▸ **Task directions**
Exact copy, no pictures: return only the lines below from the line with "It sounds like crabp" up to and including the line with "MONTALEGRE (MEXE-TE NAS".

▸ **Entries provided**
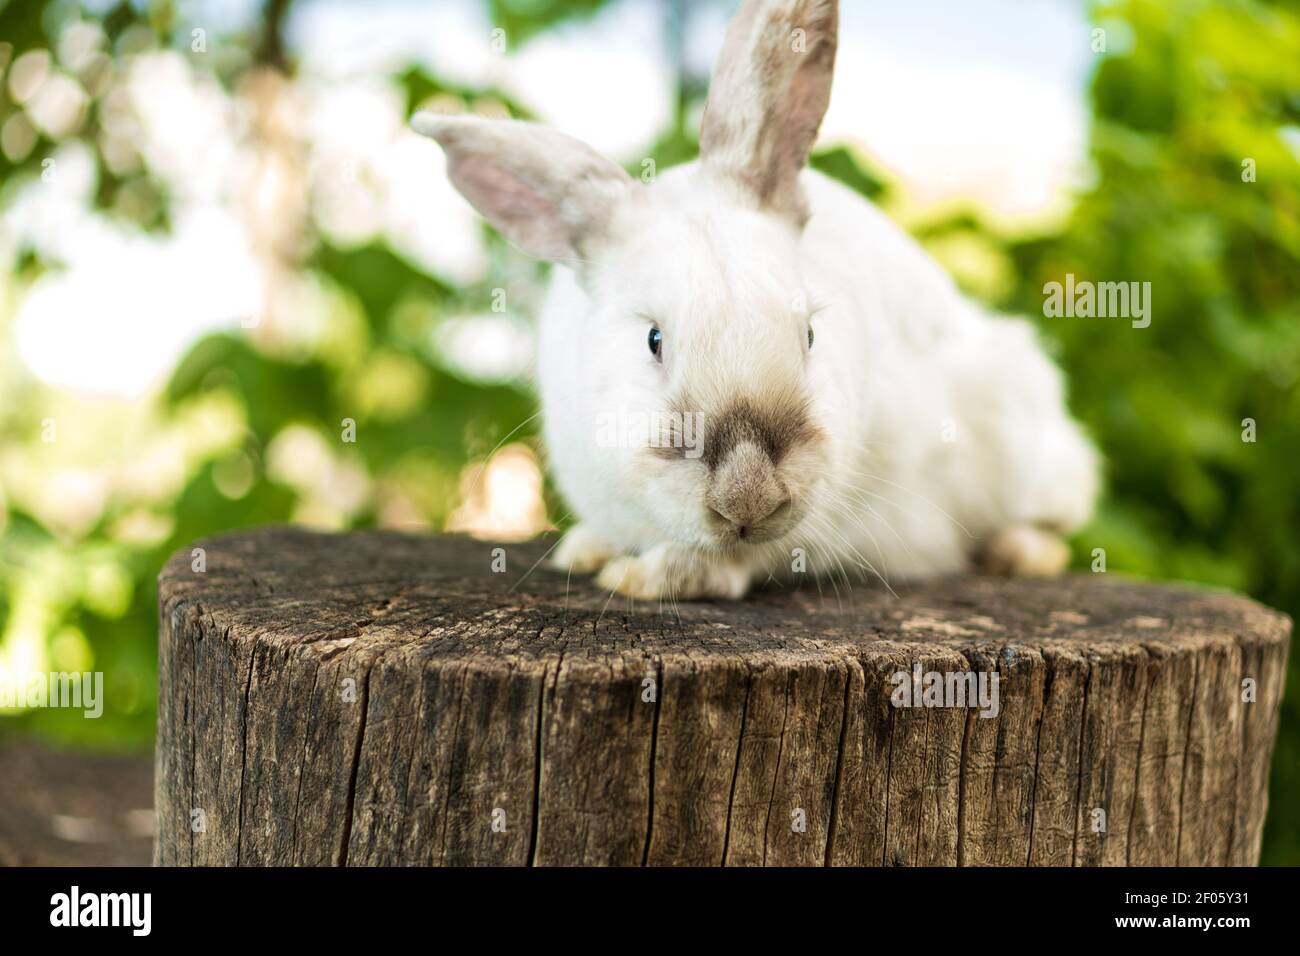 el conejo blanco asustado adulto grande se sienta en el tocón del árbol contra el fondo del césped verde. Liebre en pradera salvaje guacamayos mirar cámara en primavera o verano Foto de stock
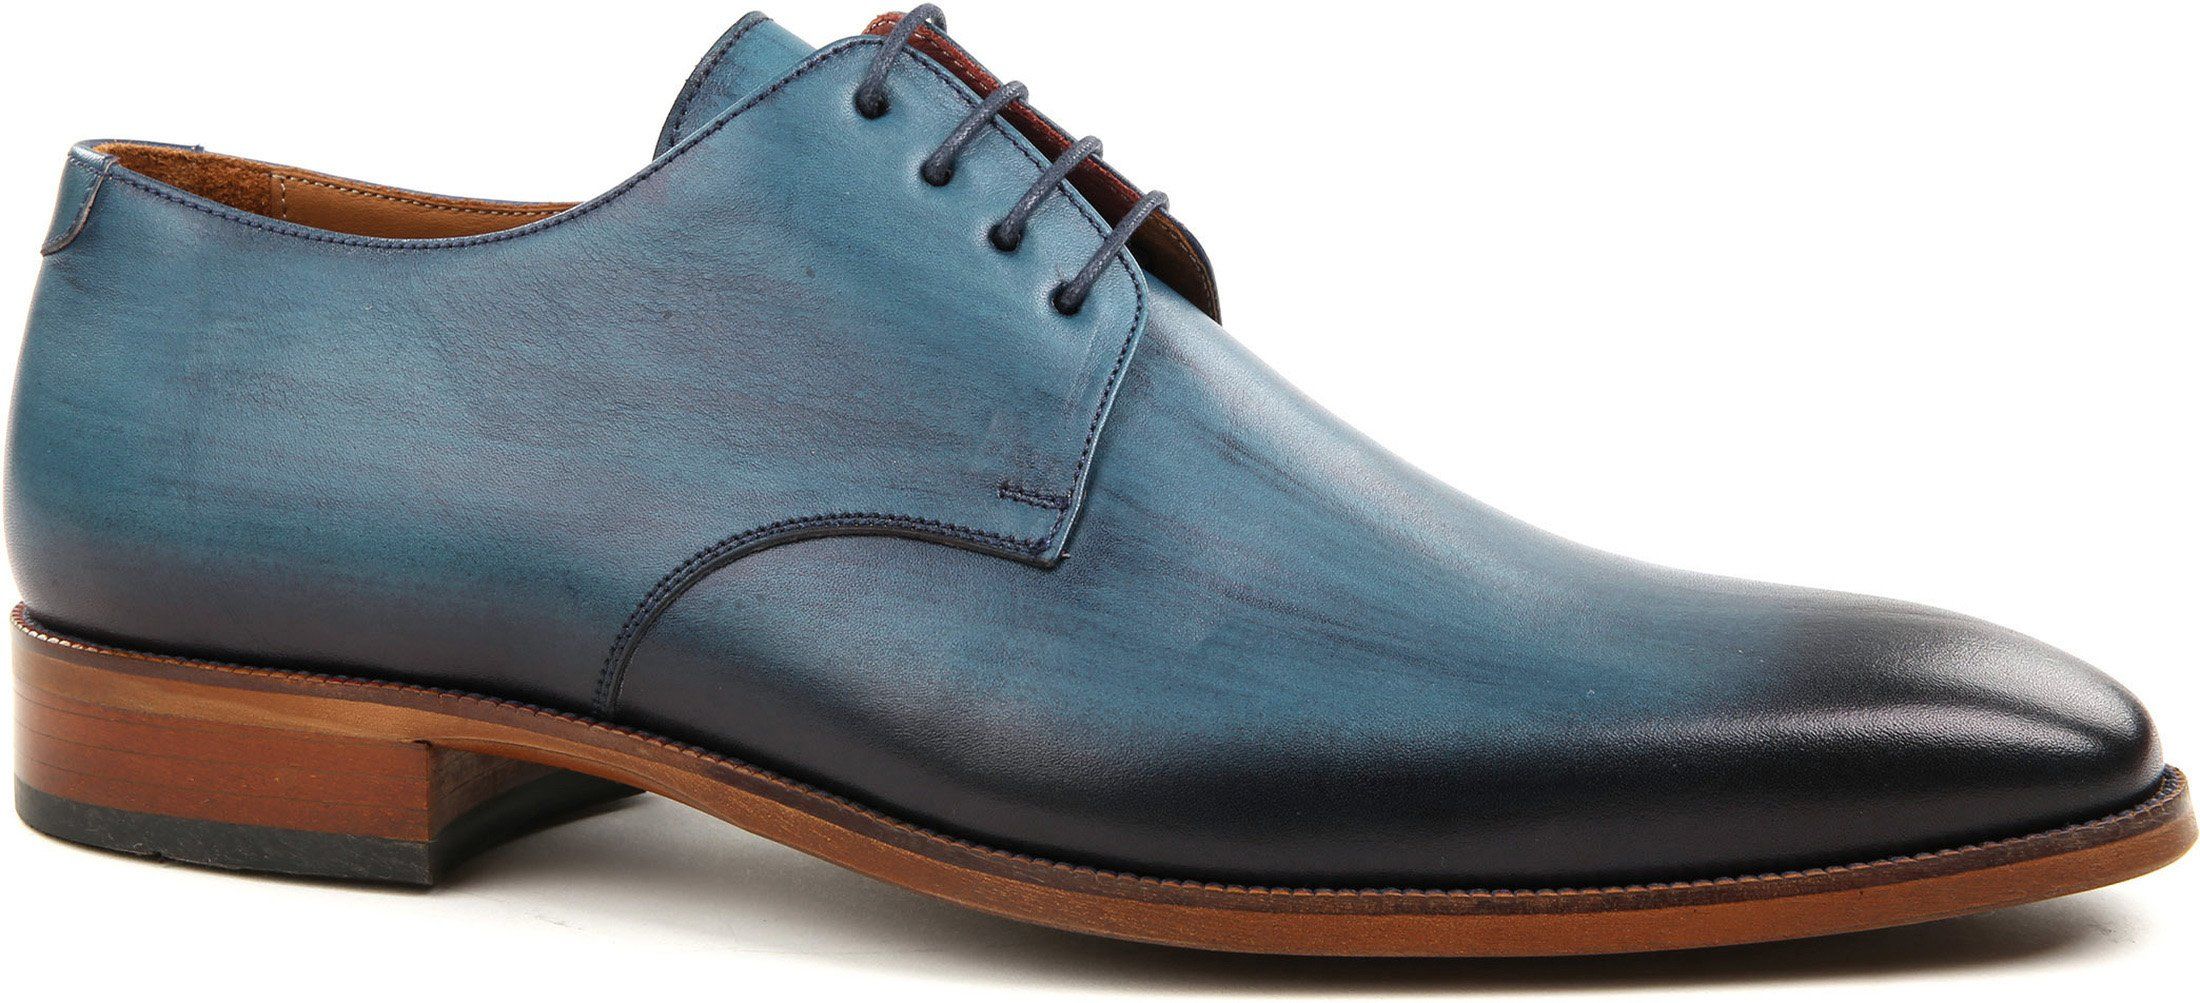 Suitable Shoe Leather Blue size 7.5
==
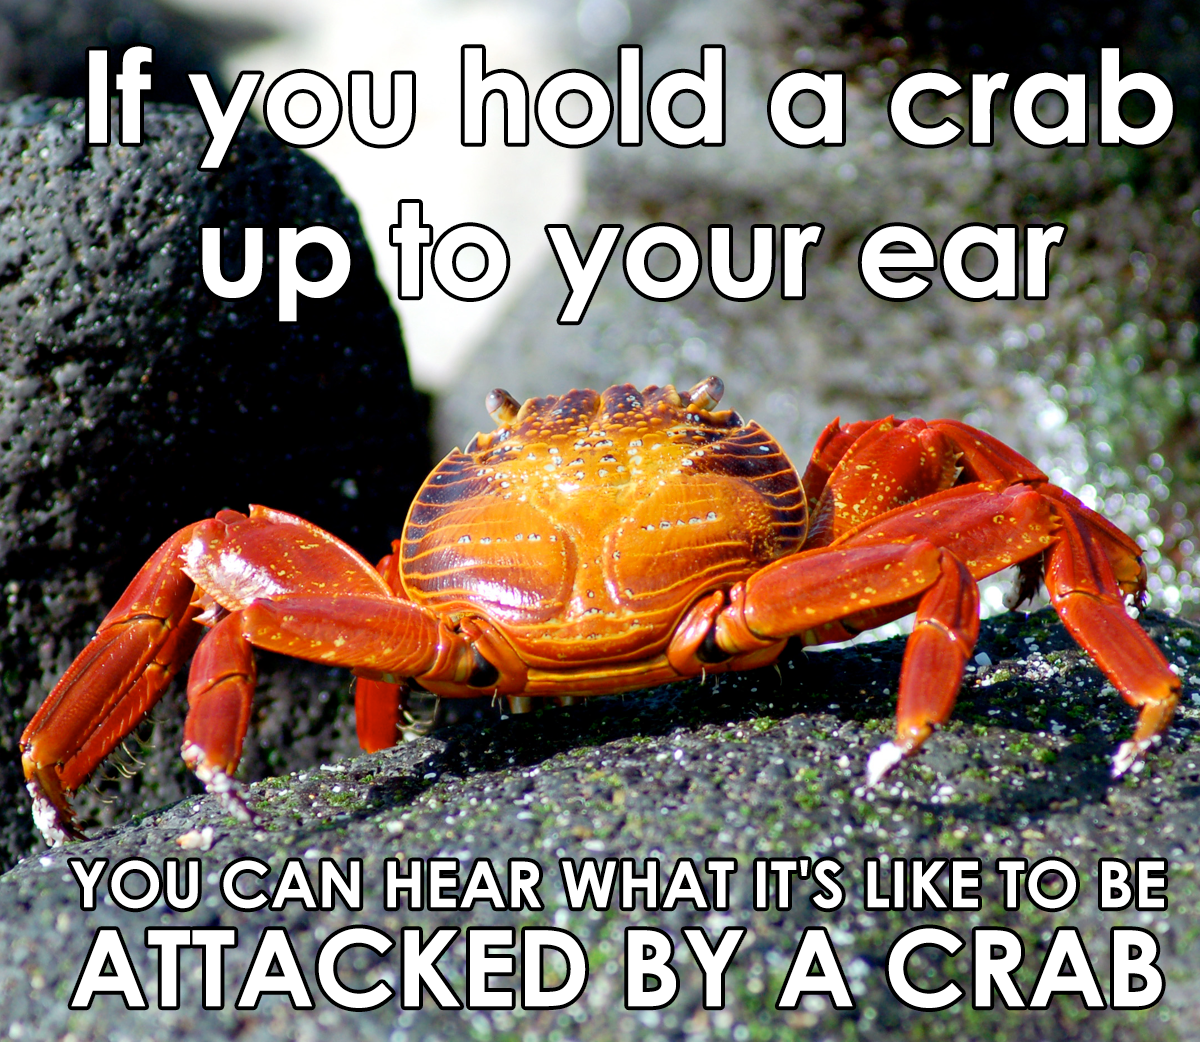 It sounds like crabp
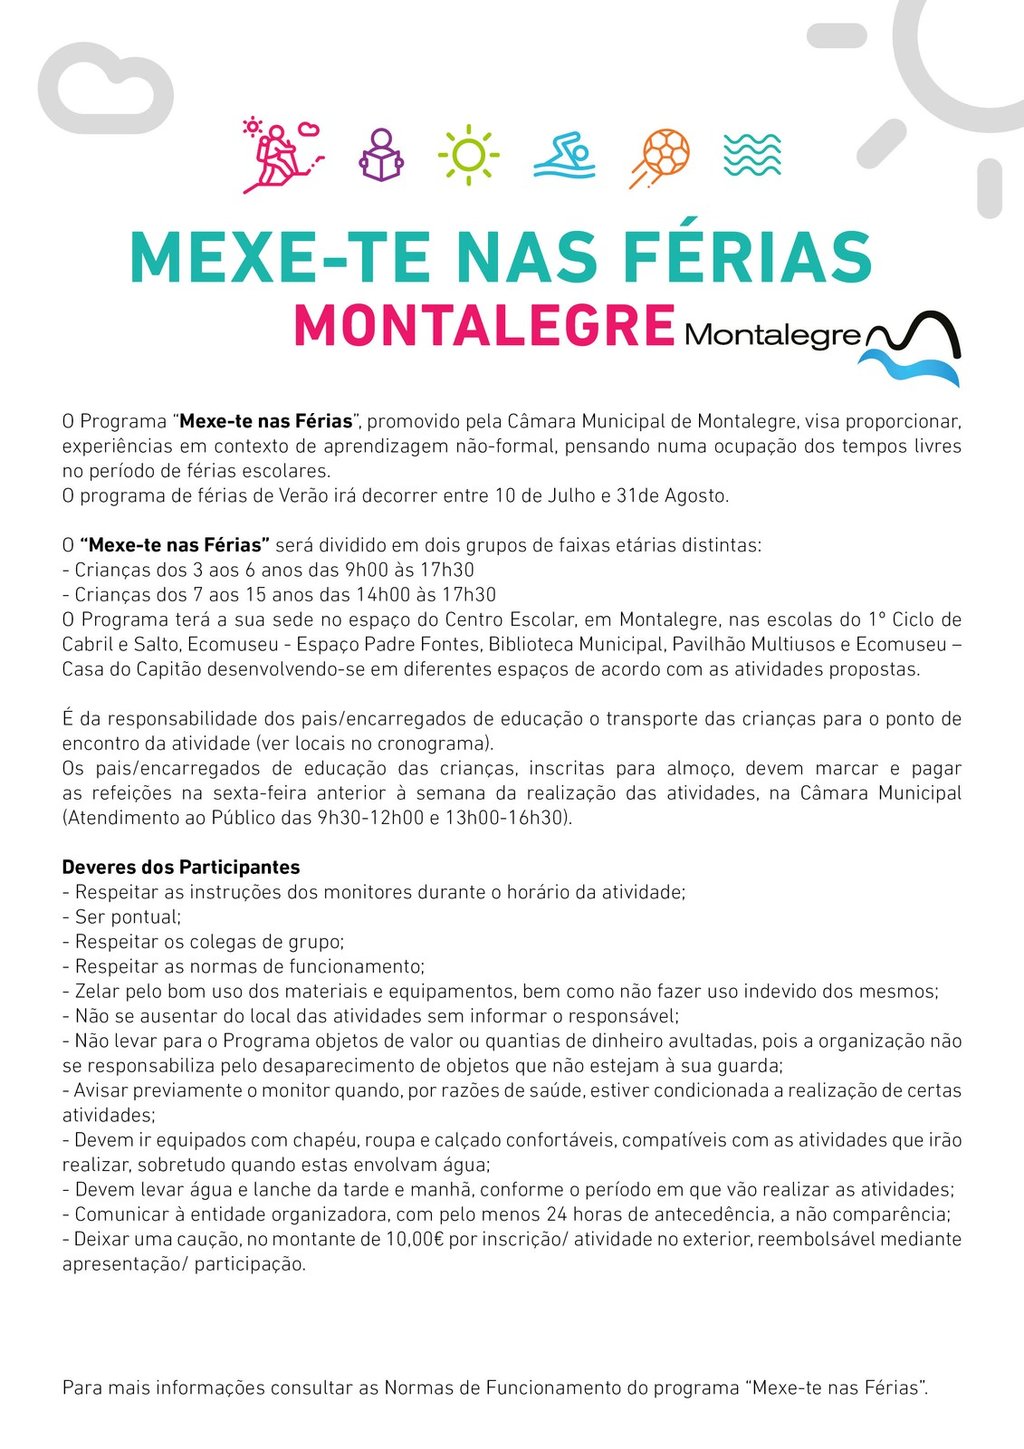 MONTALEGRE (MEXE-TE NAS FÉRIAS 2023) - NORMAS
...
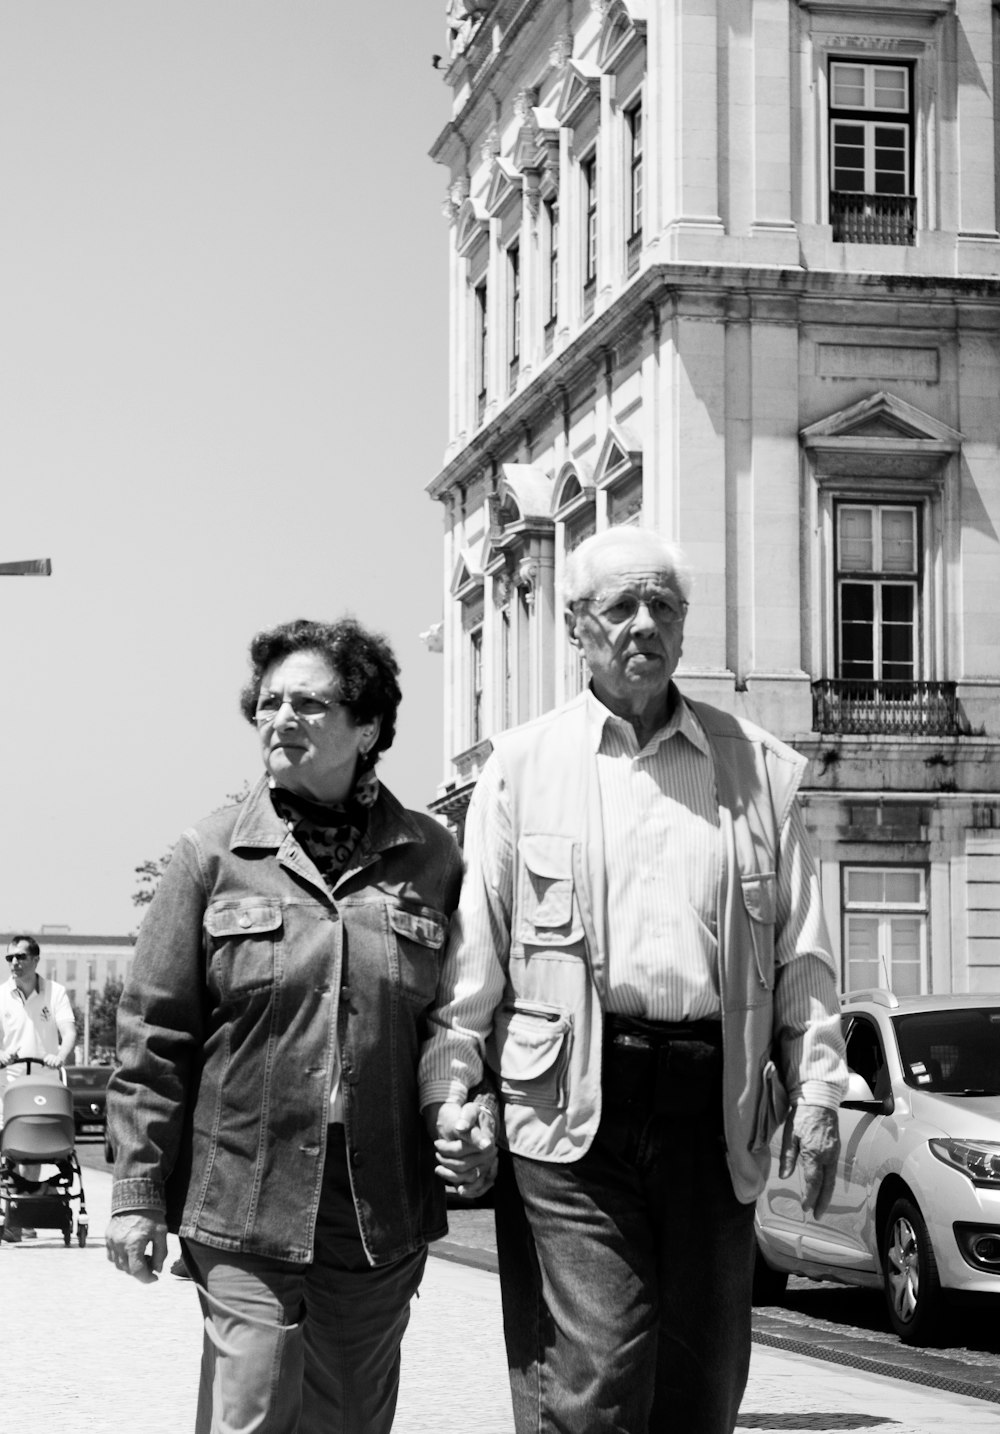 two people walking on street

▸ **Exercise response**
 It sounds like crabp
 MONTALEGRE (MEXE-TE NAS FÉRIAS 2023) - NORMAS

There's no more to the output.